Judge (dissenting).
With due deference, I am unable to agree that the court should have instructed on the lesser included offense of involuntary manslaughter. I base my conclusion upon the lack of any evidence to warrant submission of that issue. Just recently, we enunciated again the principle that before a party is entitled to an instruction upon a lesser included offense, “ ‘the proof on the element or elements differentiating the two crimes must be sufficiently in dispute so that the jury may consistently find the defendant innocent of the greater and guilty of the lesser included offense.’ ” United States v. Thompson, 490 F.2d 1218 (8th Cir. 1974).
My reading of the record leads me to conclude that the jury was justified in finding that appellant acted wilfully in killing Mowrer. It is undisputed that the deceased was not armed at any time during the heated argument and altercation between the parties. Conversely, appellant was armed with a loaded rifle which appellant deliberately aimed at the deceased, after the latter defied appellant to shoot him. The only contradictory testimony was the appellant’s *364self-serving statement that he pulled the trigger as the result of “reflex action. It was just an accident. I didn’t mean to shoot h'im.”

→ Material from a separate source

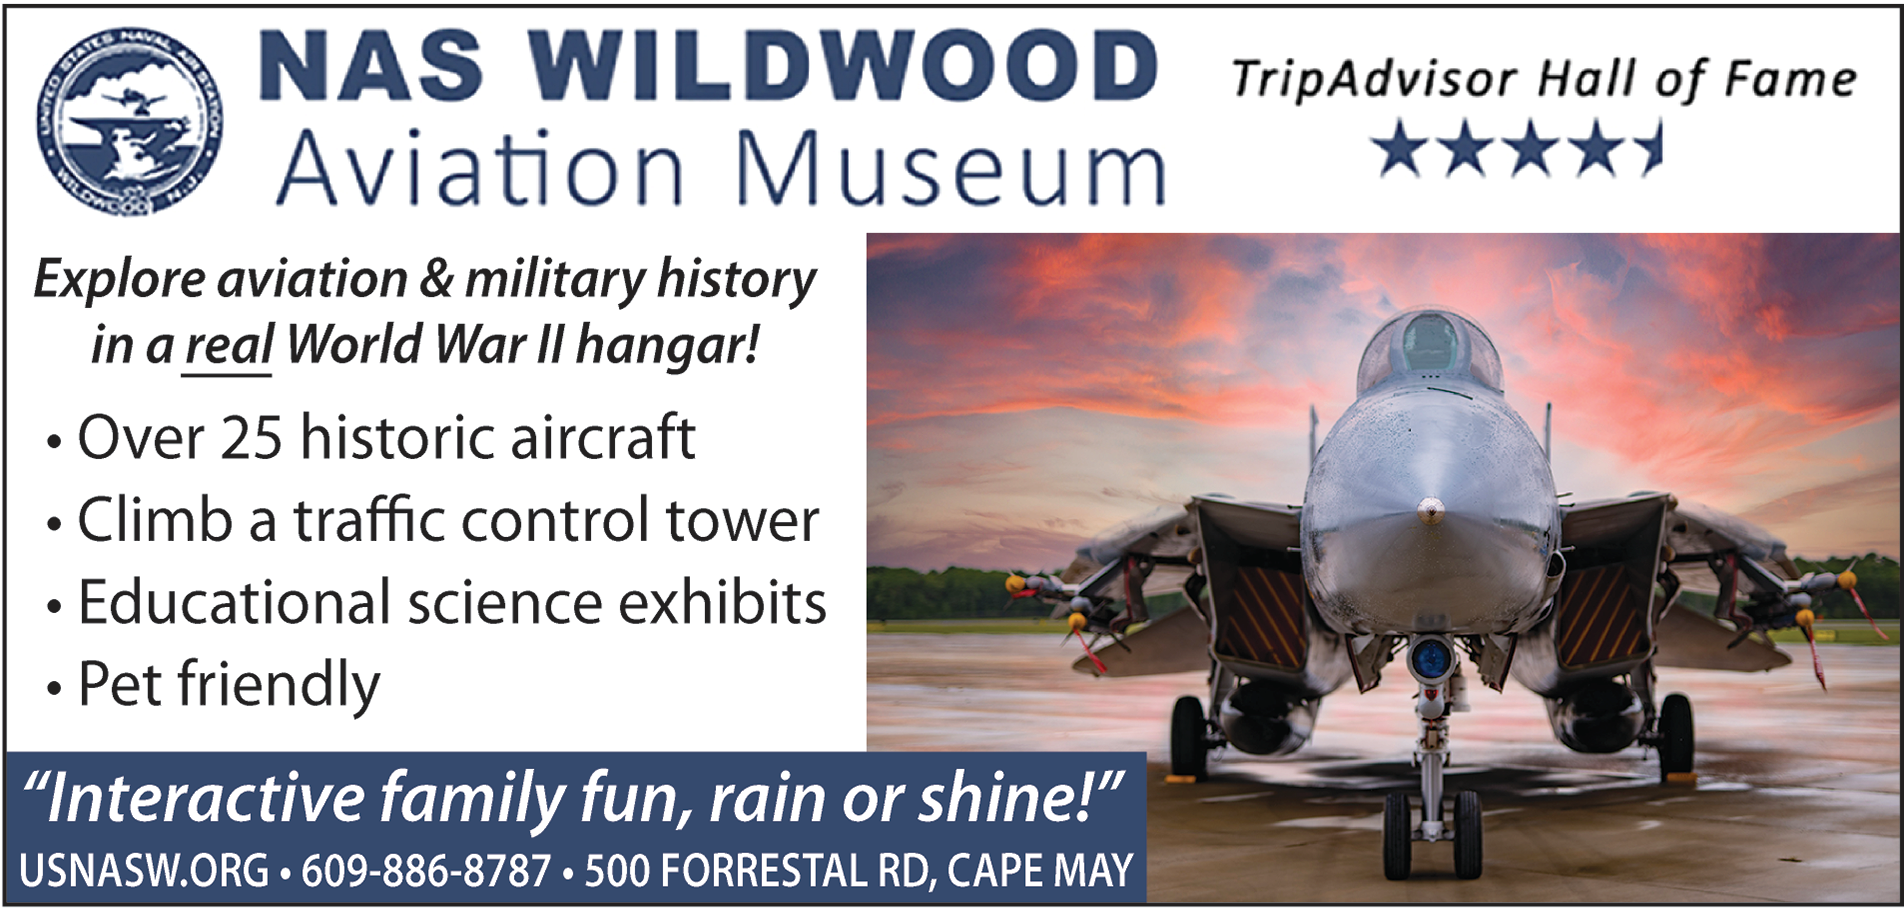 NAS Wildwood Aviation Museum Print Ad

As Judge Heaney points out, the court submitted second degree murder and voluntary manslaughter. Thus, although appellant could have been found guilty of voluntary manslaughter which requires only a finding of intent but not of malice, the jury chose to decide that appellant was motivated by intent and malice in killing the deceased.
I am conscious that the district court imposed a rather heavy penalty upon the appellant, but that factor should not dictate reversal for another trial.